Po przyjęciu nagrody z rąk Rzecznika laureaci odnieśli się do wyróżnienia, które spotkało ich społeczność. Zdaniem burmistrza Marka Nazarko, decyzja o otwarciu punktu humanitarnego była jedyną słuszną reakcją na sytuację na granicy. - Chcę tylko powiedzieć, że przyjechaliśmy z niewielkiego Michałowa - jednej z dwóch i pół tysiąca polskich gmin. Gdy podjęliśmy decyzje o otwarciu punktu pomocy, nikomu nie przyszło do głowy, że wywoła to taki rozgłos. My przecież nie zrobiliśmy nic wyjątkowego, to był zwykły ludzki odruch - powiedział burmistrz. W jego ocenie decyzja o otwarciu punktu humanitarnego była jedyną słuszną reakcją na sytuację w przygranicznych lasach. - Gdy usłyszeliśmy, że w lasach wokół Michałowa rodzą kobiety i dzieje się coś złego dzieciom, to stwierdziliśmy, że nie ma na to miejsca w naszej gminie.

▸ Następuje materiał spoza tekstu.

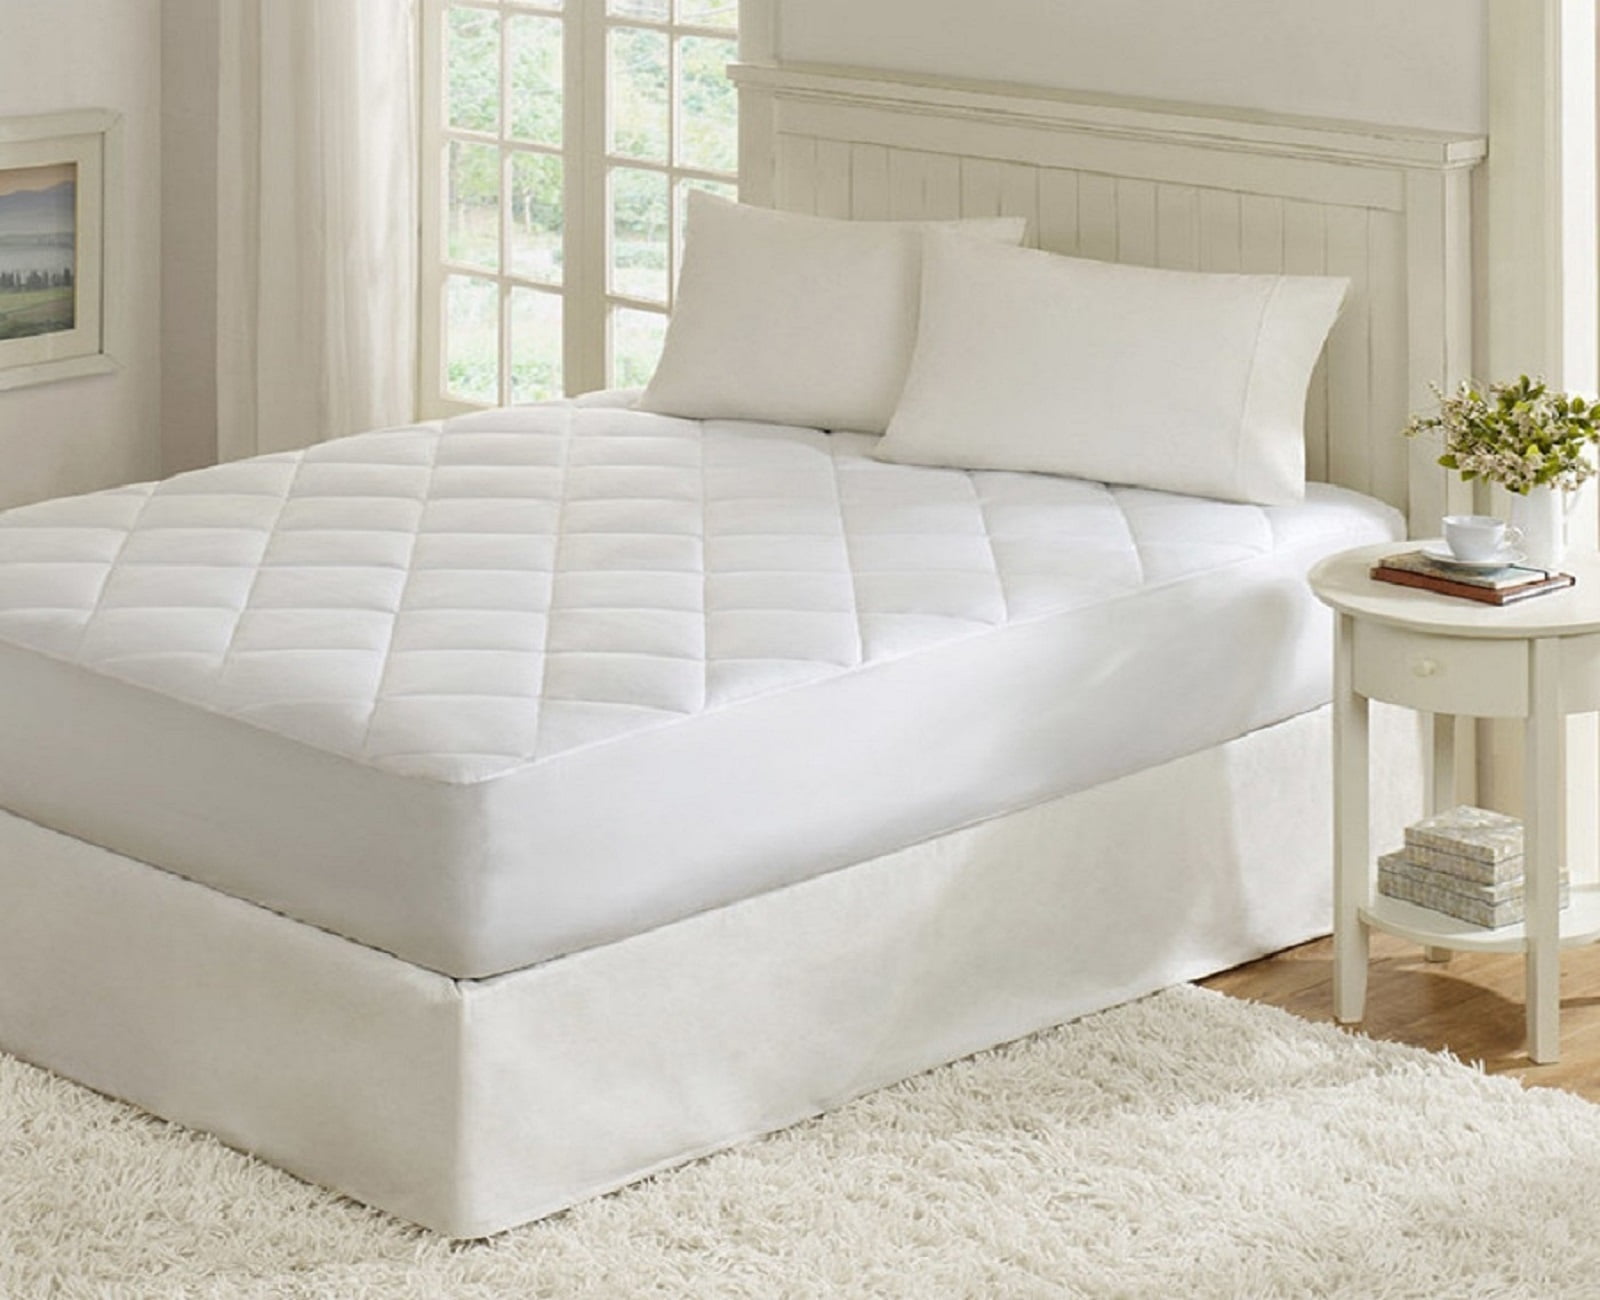 mattress pad x cover

Przewodnicząca Rady Miejskiej Bożena Ancipiuk w swojej wypowiedzi ukłoniła się w stronę innych podmiotów zaangażowanych w pomoc migrantom.  - Ta nagroda jest dla organizacji i indywidualnych osób działających w strefie stanu wyjątkowego i poza nią. Jest u nas bardzo dużo takich osób, które pomagają bezinteresownie chcąc pozostać anonimowymi.

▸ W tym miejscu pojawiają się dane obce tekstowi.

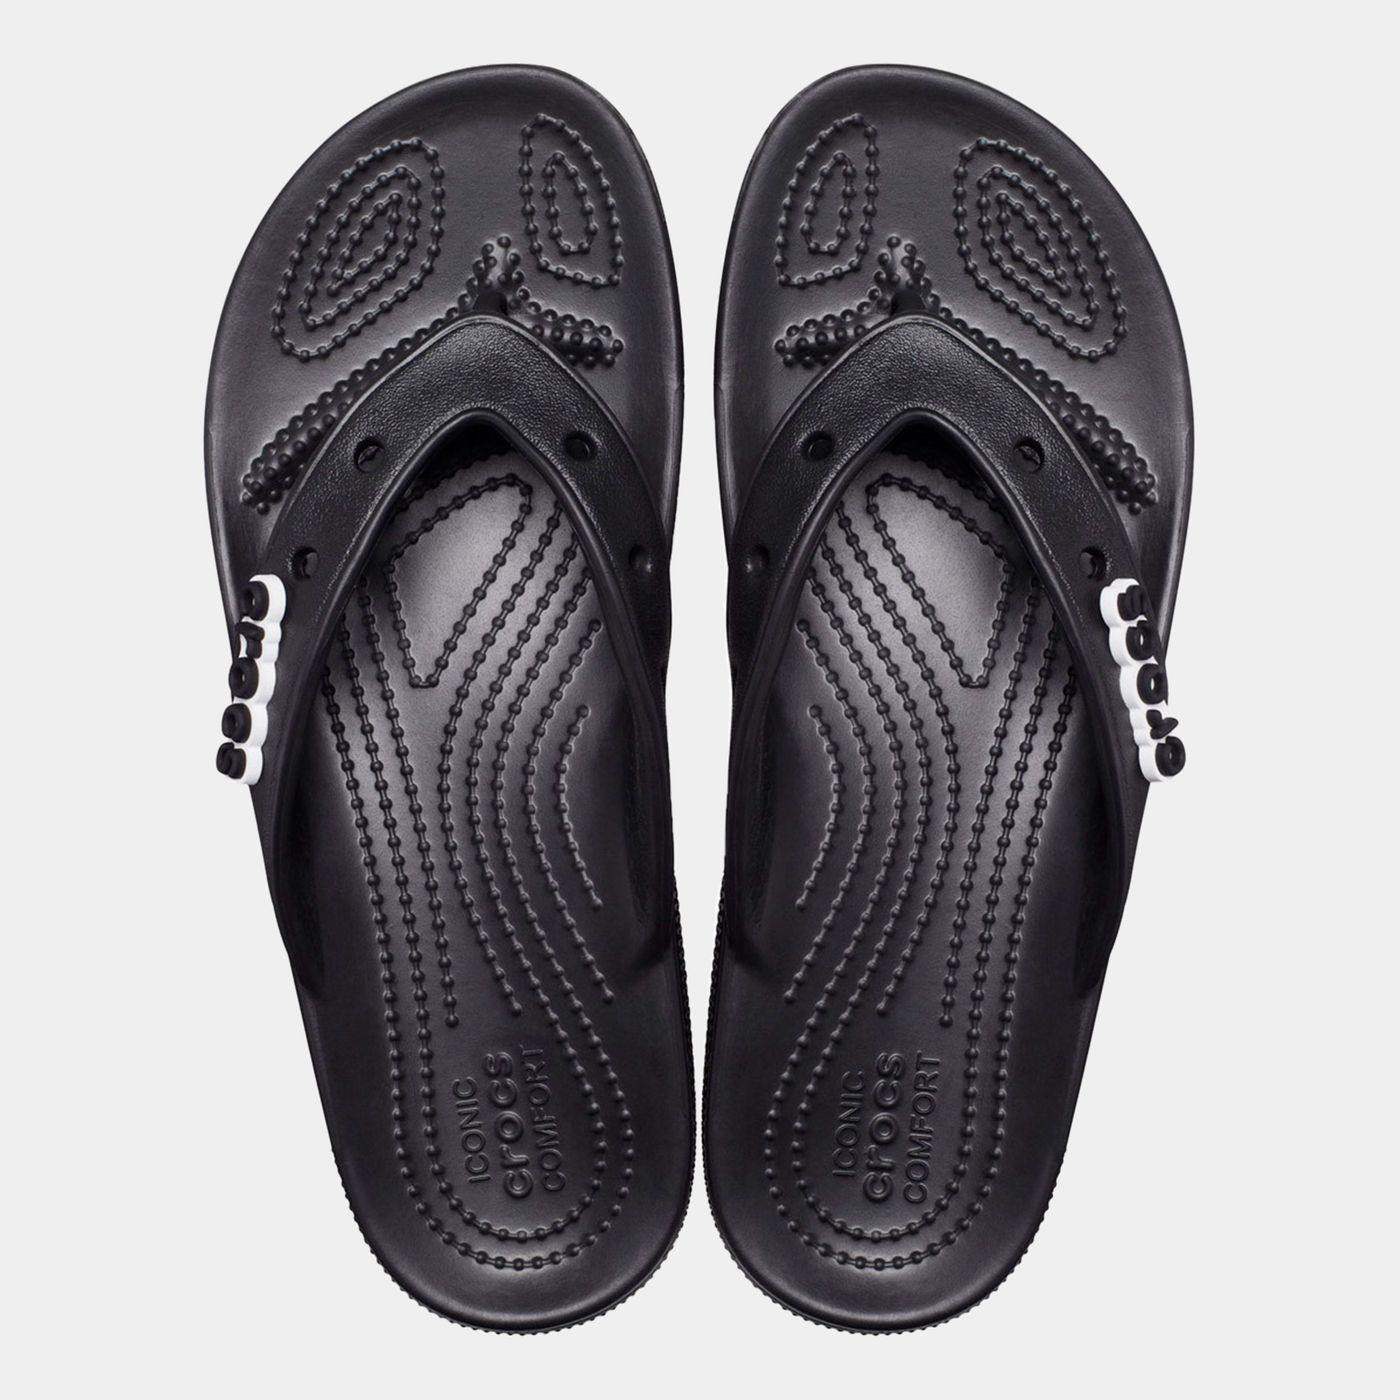 CR.207713 - Flip-flops - crocs

Laudacje innych członków Kapituły

Po przyjęciu nagrody przez laureatów głos zabrali inni członkowie Kapituły. Ewa Łętowska odniosła się do szczególnej roli samorządu terytorialnego w polskim ustroju. - Samorządy, będąc ogniwem między ludnością a władzą centralną, mają do spełnienia szczególne zadanie. Na nich spoczywa ciężar wyważenia proporcji między wymaganiami obrony granicy, czyli zadaniem władzy centralnej, i zadaniem świadczenia dozwolonej, koniecznej i potrzebnej z uwagi na nasze człowieczeństwo pomocy humanitarnej - mówiła prof. Łętowska.

Adam Zieliński w swojej laudacji odniósł się przede wszystkim do trudnego do zobrazowania przeciętnemu obywatelowi położenia, w jakim znajdują się osoby na polsko-białoruskim pograniczu. - Takim jak ja, mieszkającym daleko od granicy w ciepłym mieszkaniu, trudno sobie wyobrazić, jak czuje się ktoś, do kogo w nocy puka obca osoba i prosi o pomoc. Dzisiejsi laureaci spotykają się z takimi sytuacjami niemal codziennie i reagują tak, jak reagować powinien człowiek uczciwy - przyznał prof. Zieliński.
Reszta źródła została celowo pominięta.